** MODELS PREDICT ENSEMBLE AVERAGES**

Venkatram, A. (1979): The expected deviation of observed concentrations from predicted ensemble means. Atmos. Environ. (11):1547-1549.

“…we expect the 1-h averaged concentration to deviate from the ensemble mean by more than 100%. …This analysis shows that under unstable conditions, poor comparison of observations with predictions should be expected. …Our discussion brings up the question of model validation. It is clear that the expected deviation can be reduced by averaging several observations under similar conditions. Then, for adequate validation, the predicted concentration should be compared against an average derived from an ensemble of measured concentrations….”
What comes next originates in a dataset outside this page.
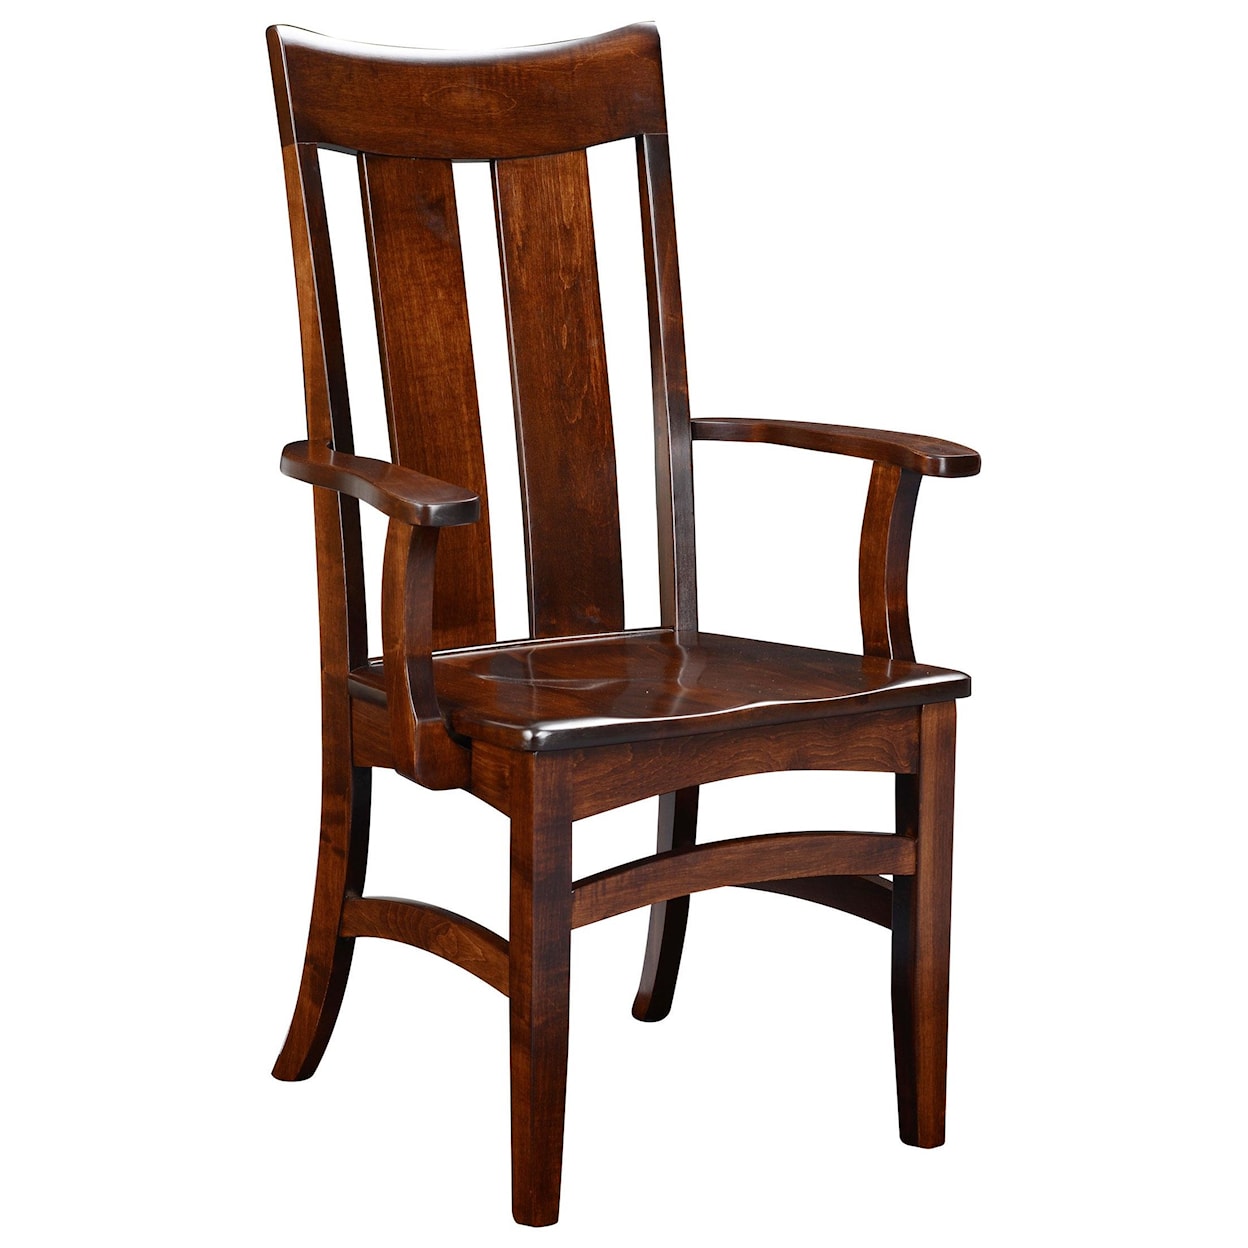 Wengerd Wood Products Galion Shaker Arm Chair

Fox, D.G. (1984): Uncertainty in air quality modeling. Bull. Amer. Meteoro. Soc. (65):27-36.

“…There is agreement in the meteorological community that air quality modeling results contain various types of uncertainty (although not state explicitly) such that they represent no more than an estimate within the distribution of possible values. Generally, turbulence must be averaged in time, space, or over a number of realizations of the flow pattern, in order to elicit meaningful information. In doing this, parameters such as the dispersion coefficients are defined by their mean or average values without consideration of the variation around that mean. … The details of atmospheric motion fields are not predictable without uncertainty, nor is the concentration of a pollutant released into any turbulent fluid predictable without uncertainty. In studies of turbulence, it is convenient to introduce the notion of an ensemble, namely a number of repeats of the same ‘experiment,’ holding external conditions (boundary and initial conditions) fixed….”

Weil, J.C., R.I. Sykes, and A. Venkatram (1992): Evaluating air-quality models: review and outlook. Journal of Applied Meteoro. ((31):1121-1145.

“…Air-quality models predict the mean concentration for a given set of conditions (i.e., an ensemble), whereas observations are individual realizations drawn from the ensemble. The natural variability: is the random concentration fluctuation about the mean and is large (of the order of the mean; section 2). The steering committee considered the natural variability to be very significant in hampering the performance evaluation. …The natural variability, also called the inherent uncertainty (Fox 1984; Venkatram 1982), is caused by PBL turbulence. It arises because the details of the velocity field are not the same in each realization of a turbulent flow….”

**MODEL EVALUATION IDEAS**

Presentation at the Guideline on Air Quality Models March 19-21, 2013 at the Sheraton Raleigh Hotel, Raleigh, N.C. Provided is the power-point presentation, extended notes, and handout notes.

ASTM D6589 Standard Guide for Statistical Evaluation of Atmospheric Dispersion Model Performance. This Standard Guide provides concepts that are useful for the comparison of modeled air concentrations with observed field data. In the Annex of this Standard Guide a procedure is outlined that compares observed average centerline concentration values with average modeled centerline concentration values. Provided are links to 1) the Standard Guide, 2) FORTRAN code that implements the procedure, and 3) data sets used to demonstrate the procedure.

**DISCUSSION**

It is not a given that the concepts espoused by my March 2013 presentation or in D6589 are universally accepted. There are some who yet insist that it is sufficient to compare the arc-maxima concentration values seen at each downwind distance with that simulated by the model. I am hoping that my March 2013 presentation will discourage such analyses.

The Harmonization Initiative (which was begun in 1991) is continuing effort to reach consensus on best practices in air quality characterization. As part of the Harmonization Initiative, conferences are held every 18 months to stimulate development of ideas and ultimately consensus on best practices. As part of this effort, a model validation kit was created to stimulate discussion on how best to evaluate model performance.